Business Continuity Plan Refresh
Four feet of snow in a week might be awesome if you run a ski resort, but it causes havoc if you run a college or university campus. That is just the quandary campus leaders in the mid-Atlantic were dealing with in December 2009.
"We couldn't open campus," says Joy Hughes, CIO and vice president for information technology at George Mason University (Va.). "You couldn't drive around."
In addition to learning it's hard to shift that much snow out of the way, Hughes says they realized Blackboard was still running and faculty members familiar with it were still in touch with their students. "That has led us to ask, 'What is the next step? How can we ensure every faculty member can use Blackboard?' " she recalls.
Ensuring learning can continue in the aftermath of a snowstorm or other natural disaster is a new page in GMU's business continuity plan. Hughes believes it was the existence of the plan that allowed the campus to weather the storm in the first place because back-up servers and generators were already in place.

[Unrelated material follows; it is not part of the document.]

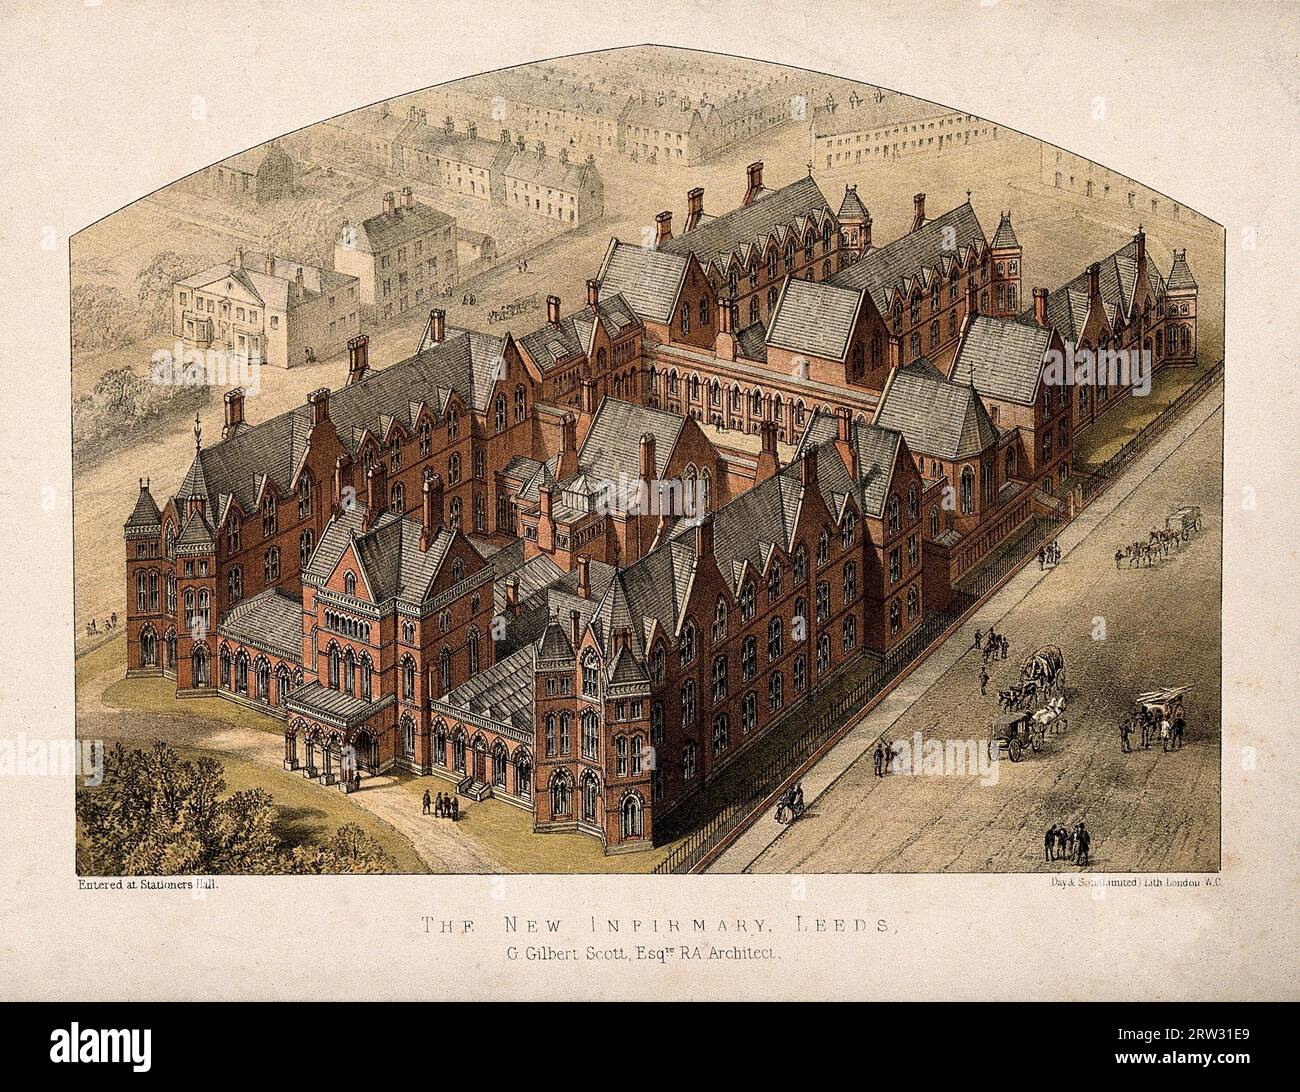 New Infirmary, Leeds, Yorkshire: Aus der Vogelperspektive. Farbige Lithographie nach George Gilbert Scott, 1864 Stockfoto

GMU leaders began working on their business continuity plan in 2006 after following what happened to schools in and around New Orleans in the aftermath of Hurricanes Katrina and Rita in 2005. "They've done a great job educating the rest of higher ed," says Hughes, who has attended workshops on business continuity planning presented by leaders from some of those schools.
"When the state of Florida got hit with nine hurricanes, that was the only education people needed," says Bryan Mehaffey, vice president of technology at Ave Maria University (Fla.), who started working on a business continuity plan seven years ago.
"A lot of people forget Katrina passed over Florida before it hit New Orleans," Mehaffey points out. Although the loss of life was nowhere near what Louisiana experienced, Florida suffered from $1 to $2 billion in damage.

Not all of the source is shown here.